A number of 1820 Settlers established farms in the Colesberg district. Outnumbered as a religious group, some attended the Methodist Church and others the Dutch Reformed Church, where services in English were specially held for them. Anglican officials in Cape Town appointed Dr CEH Orpen as rector and the first services were conducted in the Court House and the London Mission Chapel, which became known as St Stephen's Church. In 1852 the construction of the Anglican Christ Church was started, having been designed by Sophy Gray, wife of the Cape Town bishop Robert Gray.

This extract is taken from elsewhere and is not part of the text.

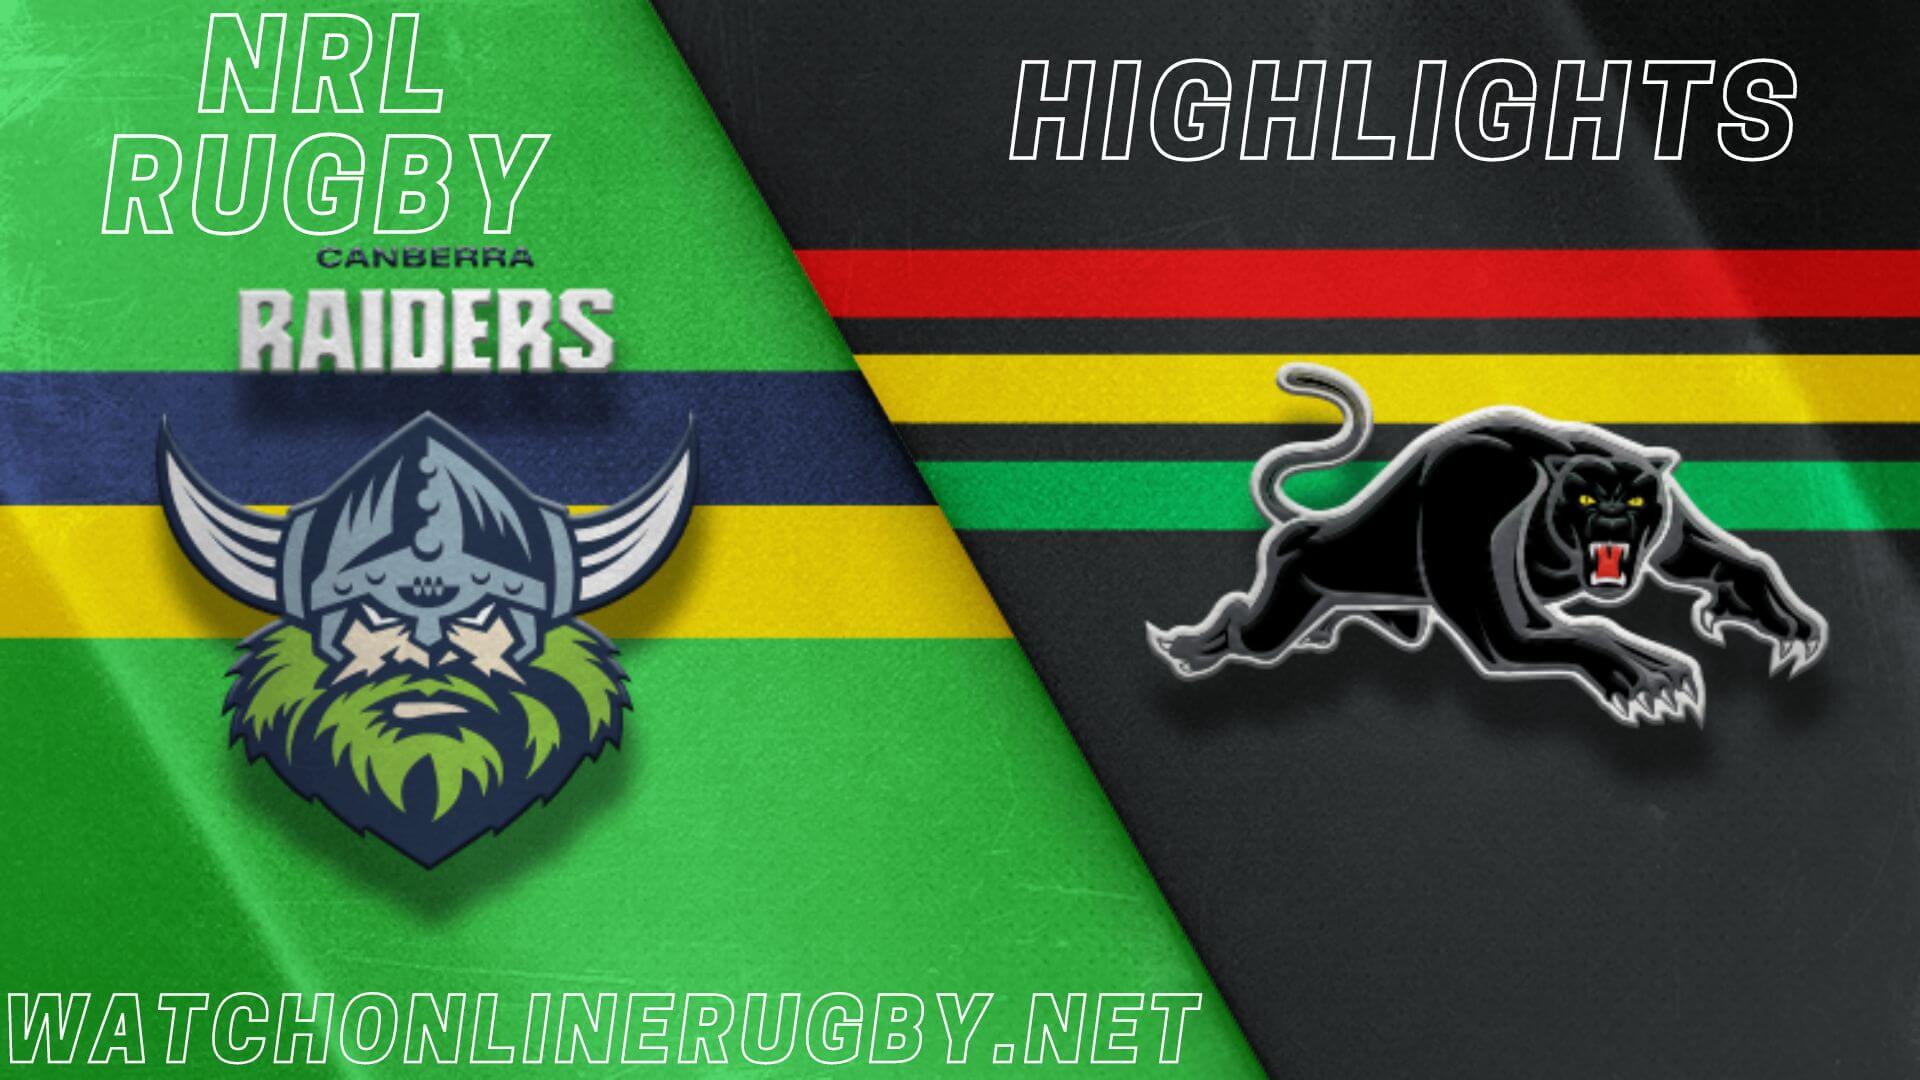 Raiders Vs Panthers Highlights RD 21 NRL Rugby
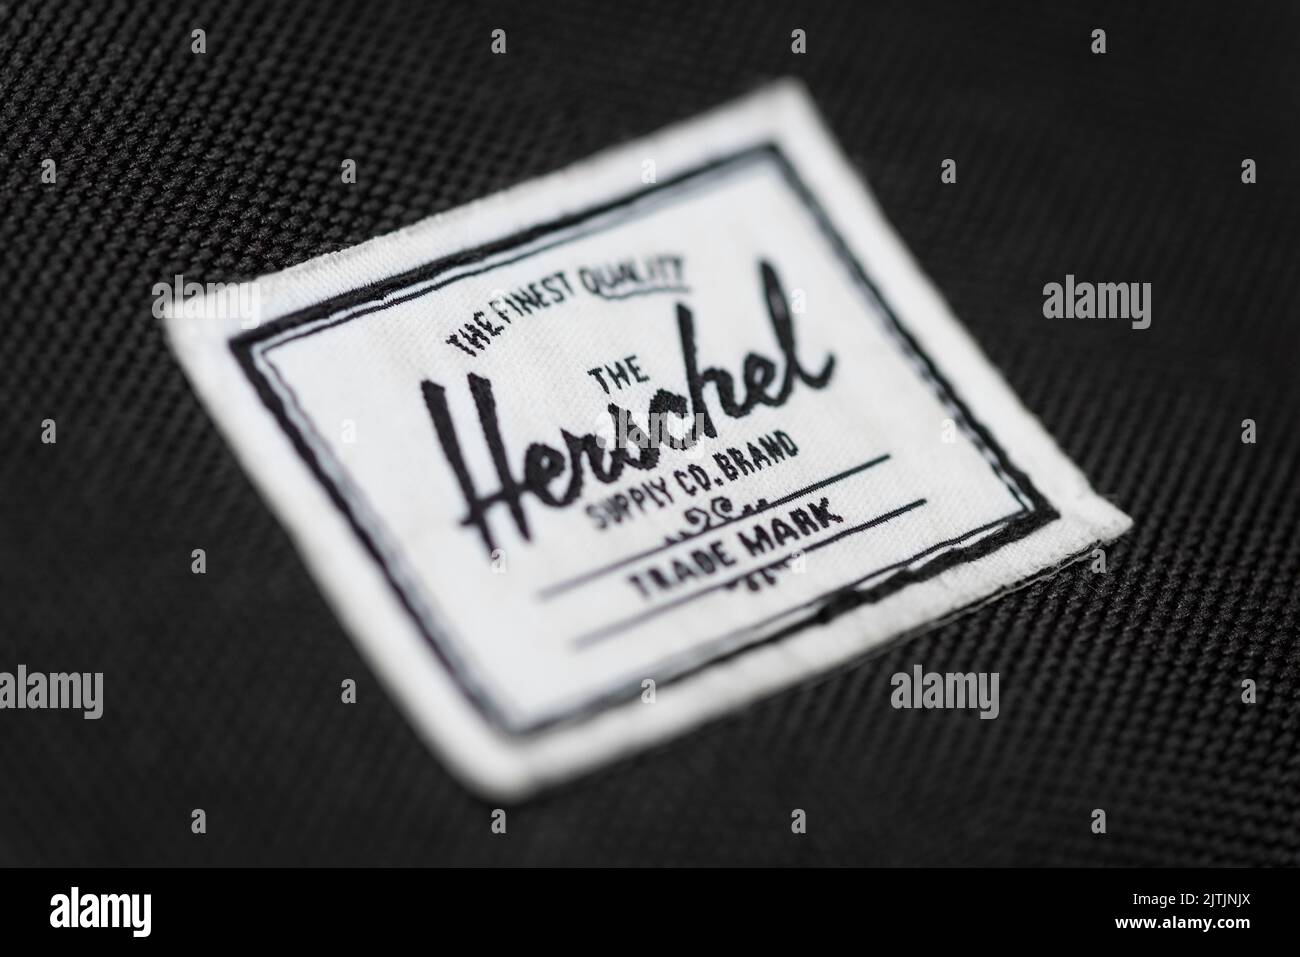 A close-up shot of the Herschel label as seen on a product. Stock Photo

The Colesberg Bank was founded in 1861. Michael Davitt wrote while documenting the Second Boer War, that the previous generation noted the village as a rendezvous for hunters and diamond miners.

== Notable people ==

- Hennie Bingle, rector of the PUK
- General Piet Cronje, a South African general in both the Anglo-Boer wars.
- Danie du Plessis, Head of the South African Railways & co-founder of The Afrikaner Broederbond
- Frans du Toit, a South African Economist, and Trade Commissioner.
- Ricardo Loubscher, South Africa national rugby union team player & rugby coach
- Zamani Saul, Premier of the Northern Cape
- Nicolaas Theunissen, South African Test cricketer
- Nombulelo Lilian Hermans (Former ANC regional treasurer and regional deputy chairperson, Member of the National Assembly of South Africa)

==Cityscape==

===Architecture===
The town boasts many buildings that were built in a blend of Cape Dutch and Georgian architecture with ceilings of reed, and yellowwood timbers, and others that display a range of designs reflecting the changes of 19th-century building. Originally plots were pegged out and sold on the site of the town to fund the building of the Dutch Reformed church.

==Society and culture==

===Museums, monuments and memorials===

A large number of Heritage Sites registered with the South African Heritage Resources Agency are located in Colesberg.

== Economy ==
Farming in the area is dedicated almost entirely to horses and merino sheep. While in a sheep-farming area spread over half-a-million hectares, greater Colesberg breeds many of the country's top merinos. Colesberg is renowned for producing high-quality racehorses and many stud farms, including one owned by legendary golfer, Gary Player, are nearby. The ostrich-feather boom of the early 1900s, which left many farmers rich, is long forgotten.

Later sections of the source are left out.